Standing in his meeting room was an unlovely man in rumpled leathers who was stout-no, fat-and wrinkled with age and hard living. And who was staring back at him with a shrewd, measuring look.

“W-who are you? One of the Nine?” Marlin managed to ask when he found his voice again.

“Do I look like a bare-behind dancing girl? The Naughty Nine are all taller than me, lad, and far more shapely, too-though I’ll agree they don’t make cozy lasses like they used to! Nay, lad, I’m no dancer, whate’er yer preferences. I’m a bit of a trader and not much more, these days, though I guess ’tis no secret I’m a lord of Waterdeep.”

Whaaat?

“Nay, nay, no need for awe and astonishment. I,” the old man said sardonically, drawing himself up in mimicry of a grand ruler and striking a heroic pose, “am Mirt. Sometimes called the Moneylender, and more often-hem-called much worse things.”

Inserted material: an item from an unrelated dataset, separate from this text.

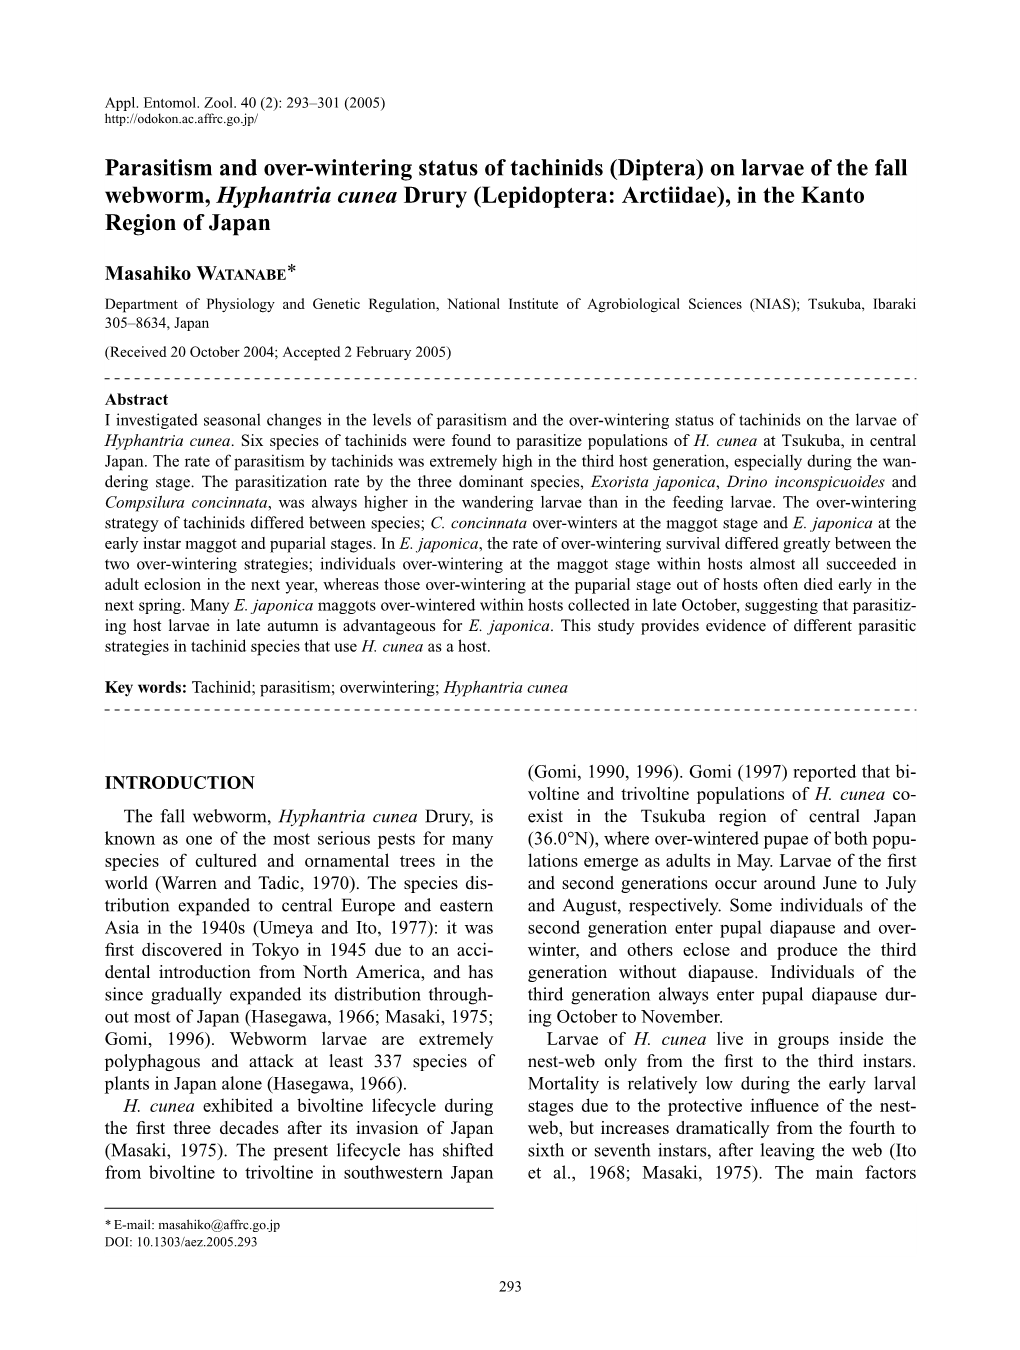 Parasitism and Over-Wintering Status of Tachinids (Diptera) on Larvae of the Fall Webworm, Hyphantria Cunea Drury (Lepidoptera: Arctiidae), in the Kanto Region of Japan

Marlin stared in disbelief, growing a frown, then swiftly tried to force the old man back into the hand axe, as he could control Langral and Halonter.

Nothing happened.

“Sit down!” he snapped. “And-and cover your eyes with your hands!”

Mirt the Moneylender lifted one bristling eyebrow. “Children’s games, is it? I always wondered what wealthy younglings got up to when-”

“This one, a lord of Waterdeep?” Windstag sneered scornfully. “He sounds like a merchant from the docks!”

Mirt dispensed a dour look. “I am a merchant from the docks, loud buck! And who might ye be, with yer scorn and yer fancy clothes? Ye look like nobles, both of ye, but I know every last born noble of the city, lass and jack, an’-”

“We are nobles of Cormyr,” Marlin Stormserpent snapped. “And you stand in Stormserpent Towers in the fair city of Suzail, right now. ‘Now’ being the Year of the Ageless One, as it happens. I doubt Waterdeep would suffer the likes of you to be among its lords these days!”